Targeted Apoptosis Of Ductular Reactive Cells Reduces Hepatic Fibrosis In A Mouse Model of Cholestasis

BACKGROUND AND AIMS: In cholestatic liver diseases, ductular reactive (DR) cells extend into the hepatic parenchyma promoting inflammation and fibrosis. We have previously observed that Mdr2(-/-) mice lacking TRAIL receptor (Mdr2(-/-) Tr(-/-) double knockout, DKO) display a more extensive ductular reaction and hepatic fibrosis compared to Mdr2(-/-) mice. This observation suggests that the magnitude of the DR cell population may be regulated by apoptosis. APPROACH: To examine this concept, we cultured EpCAM-positive reactive cholangioids (ERC) obtained from wild-type (WT), Tr(-/-) , Mdr2(-/-) and DKO mice. RESULTS: Single-cell transcriptomics and immunostaining of both WT and DKO ERC confirmed their DR cell phenotype. Moreover, DKO ERC displayed a unique translational cluster with expression of chemokines indicating a reactive state. Incubation with the MCL1 inhibitor S63845, a pro-apoptotic BH3-mimetic therapy significantly decreased DKO and Mdr2(-/-) ERC viability compared to WT. Intravenous administration of S63845 significantly reduced the DR cell population, markers of inflammation and liver fibrosis in Mdr2(-/-) and DKO mice.
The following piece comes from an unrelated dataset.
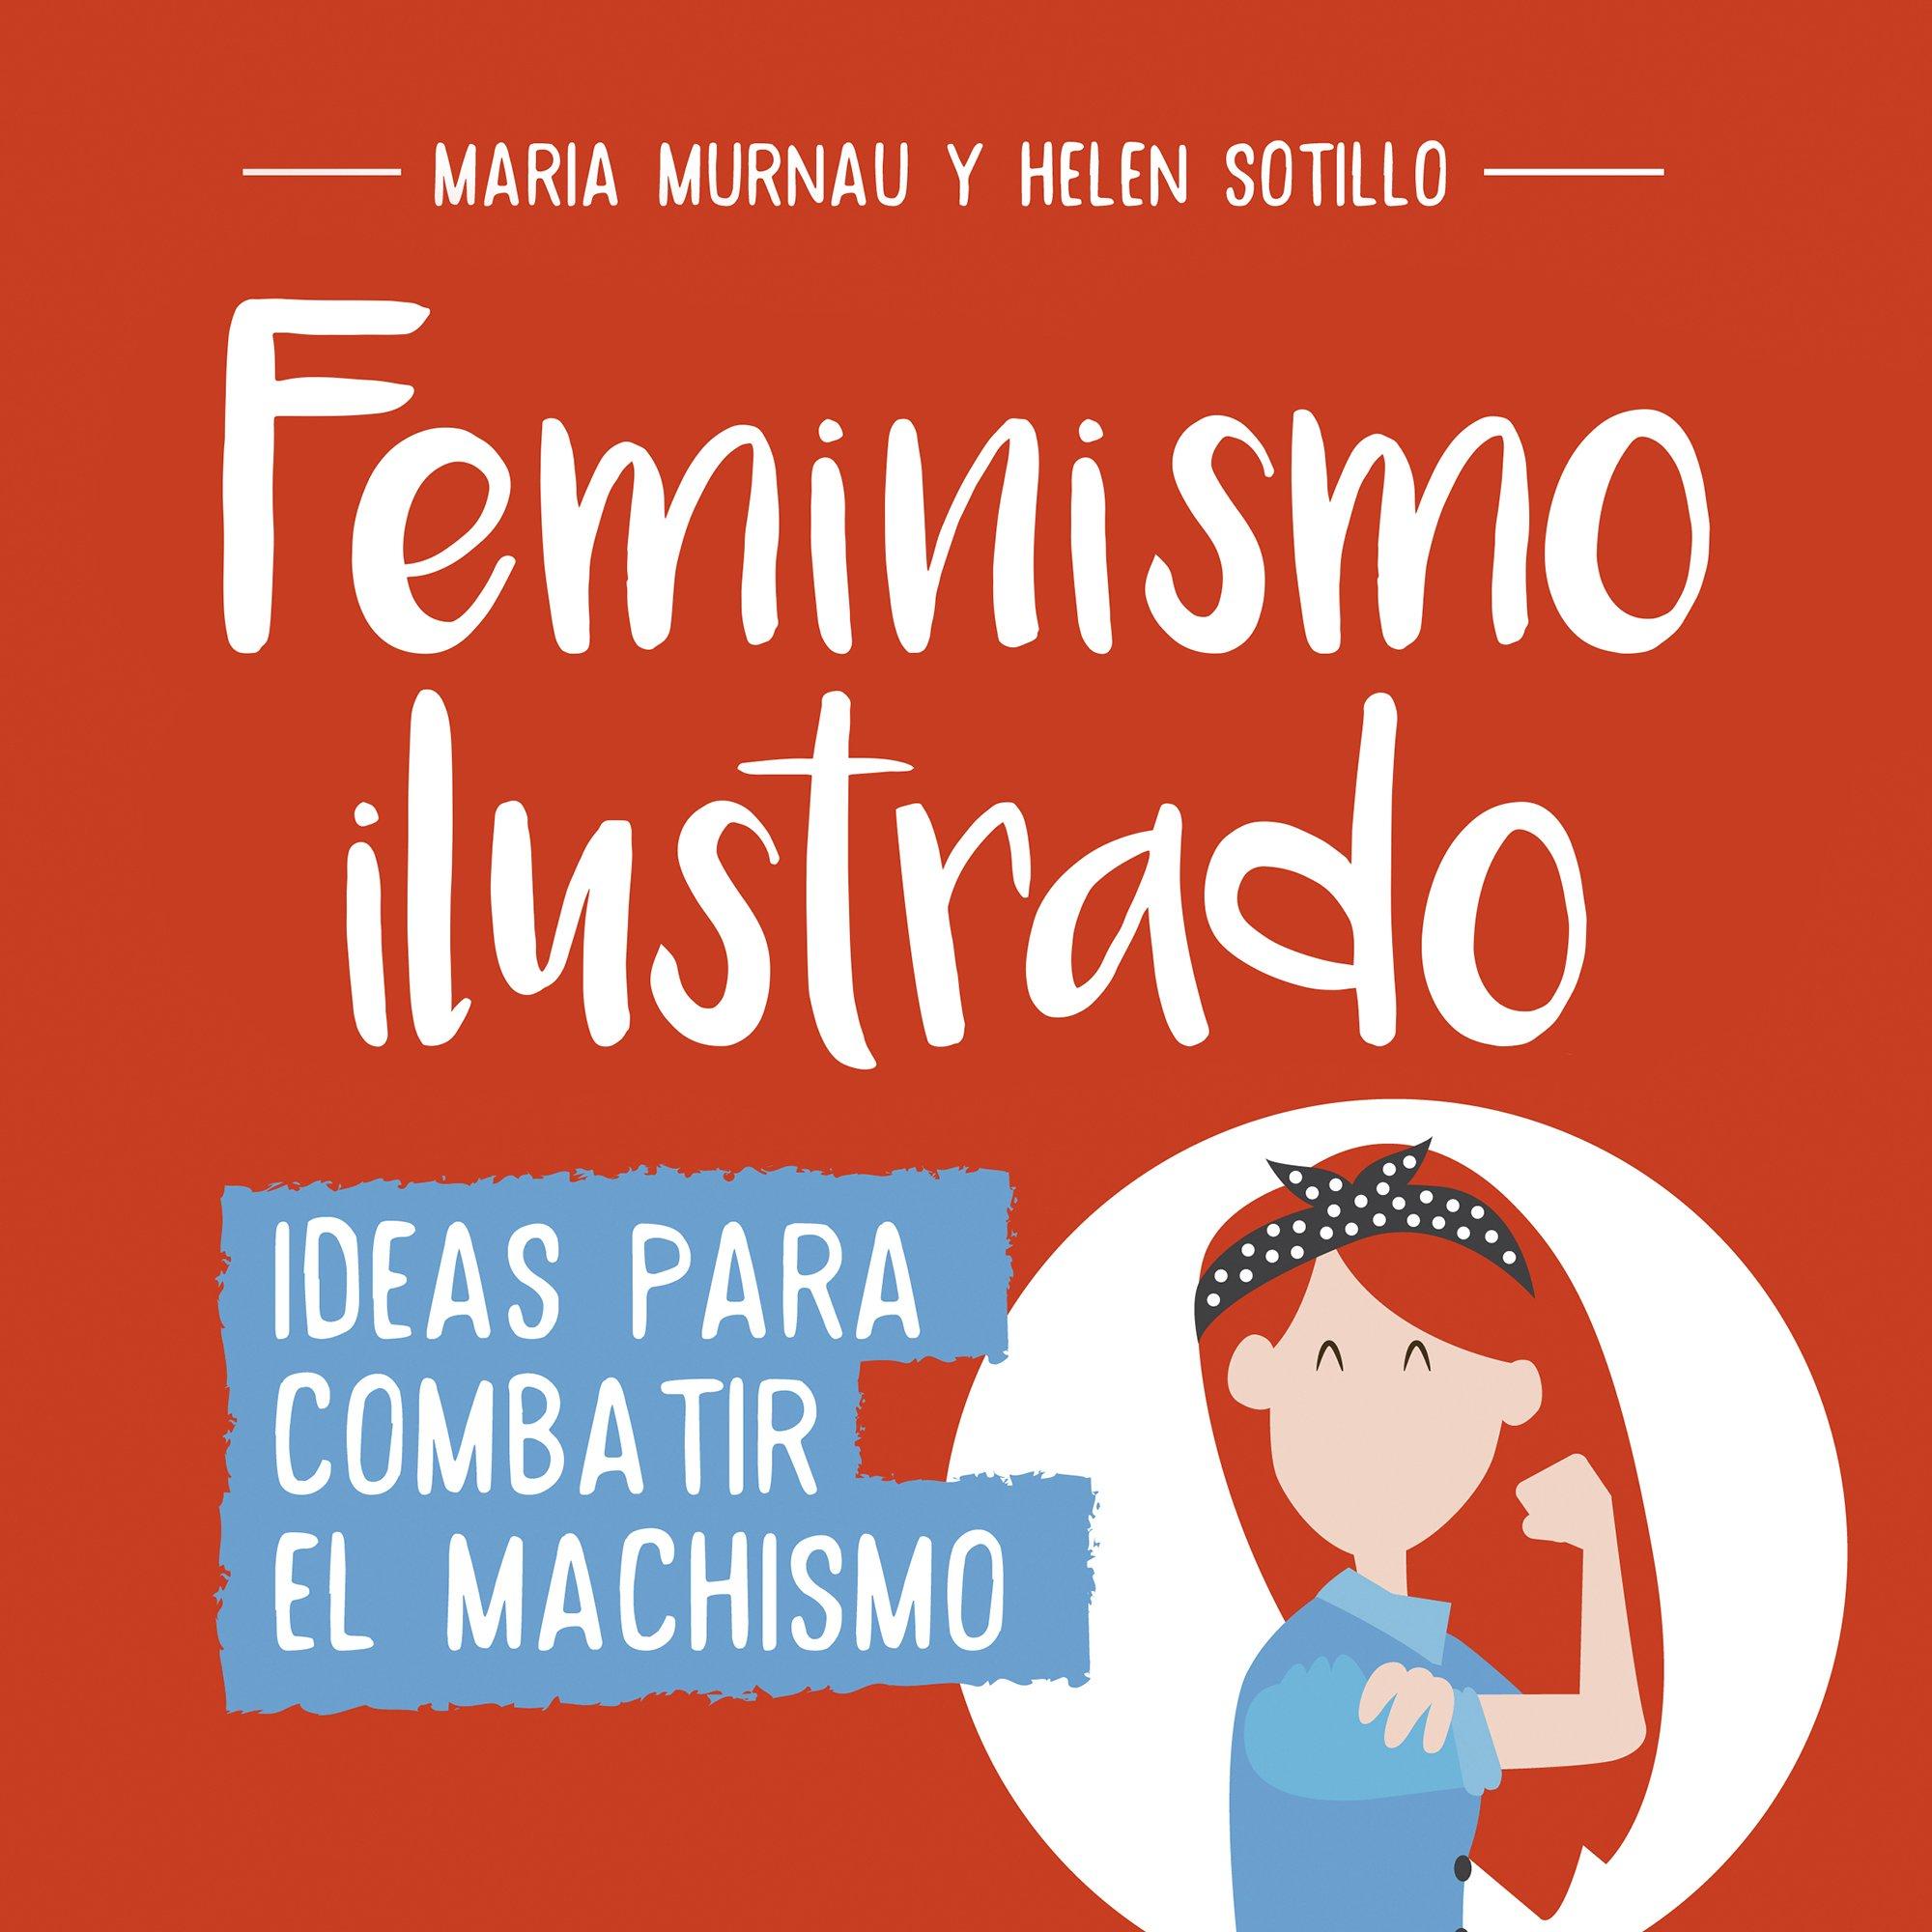 Resultado de imagen de feminismo ilustrado maria murnau
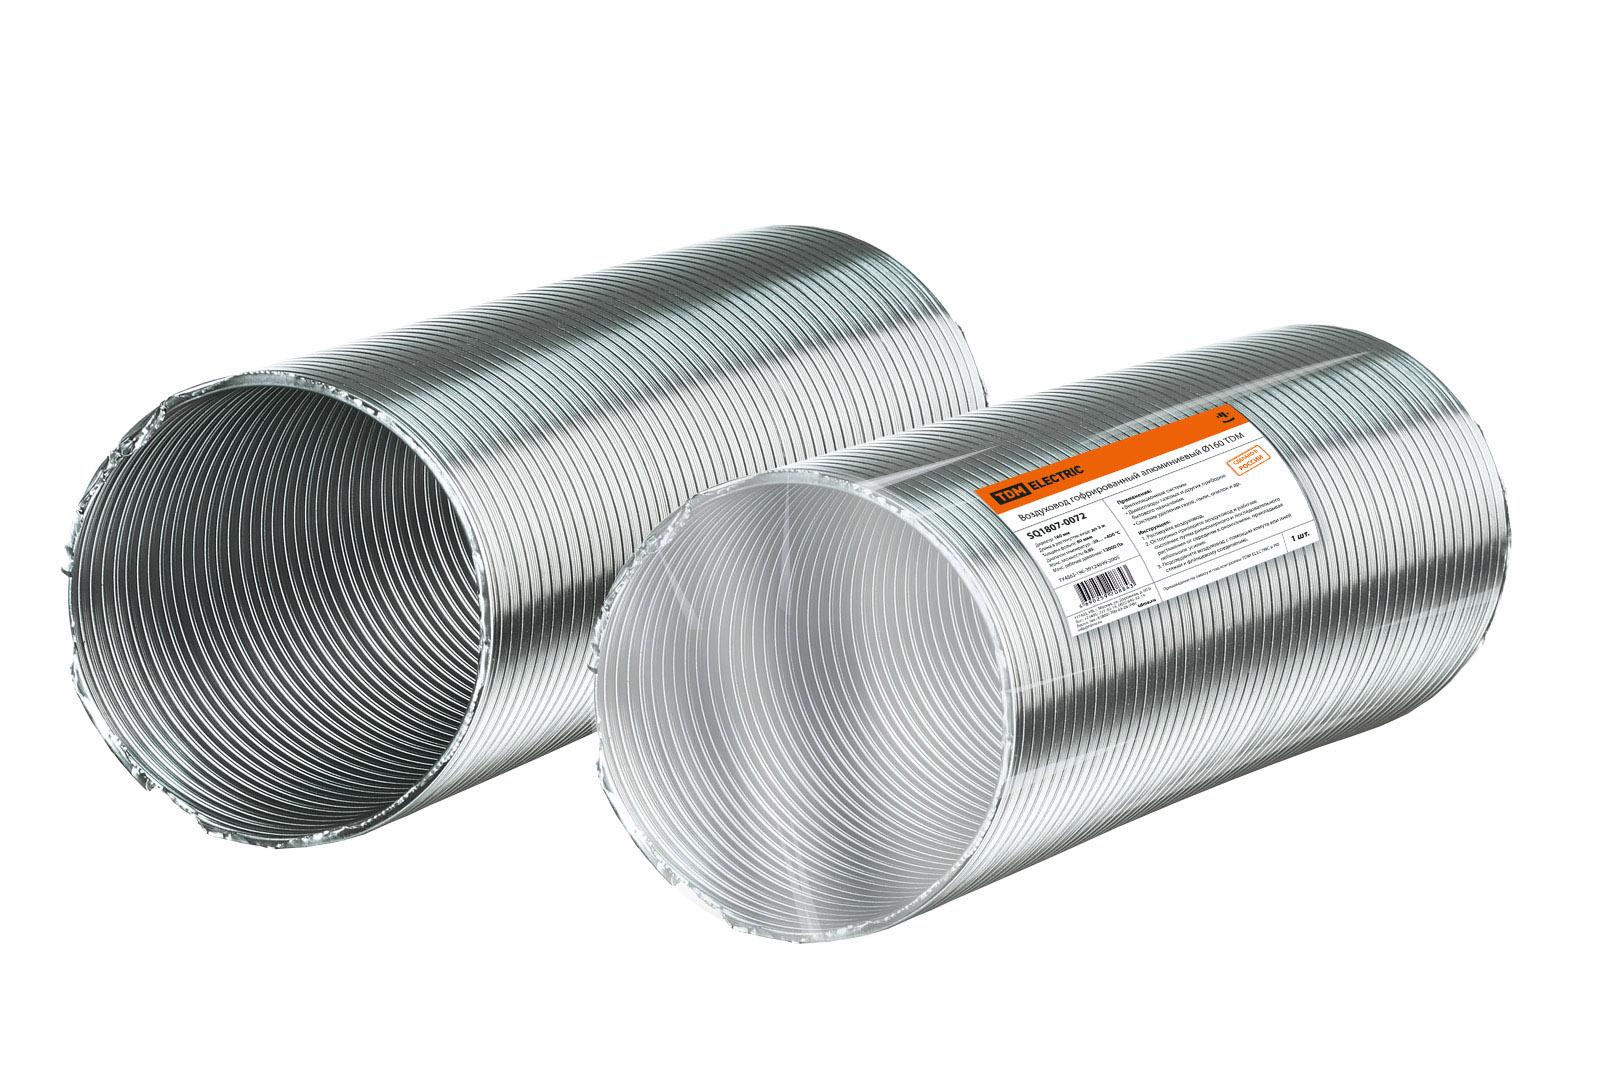 Воздуховод ТДМВоздуховоды (климат)<br>Тип: воздуховод,<br>Тип воздуховода: гибкий,<br>Материал: алюминий,<br>Форма: круглая,<br>Диаметр: 160,<br>Мин. длина: 0.6,<br>Макс. длина: 3<br>

Furthermore, DKO mice treated with S63845 displayed a significant decrease in hepatic B lymphocytes compared to untreated mice as assessed by high definition mass cytometry by time-of-flight (CyTOF). Co-culture of bone-marrow derived macrophages with ERC from DKO mouse livers upregulated expression of the B-cell directed chemokine CCL5/RANTES. Finally, DR cells were noted to be primed for apoptosis with BAK activation in vitro and in vivo in PSC liver specimens. CONCLUSION: DR cells appear to play a key role in recruiting immune cells to the liver to actively create an inflammatory and pro-fibrogenic microenvironment. Pharmacologic targeting of MCL1 in a mouse model of chronic cholestasis reduces DR and B cell populations and hepatic fibrosis.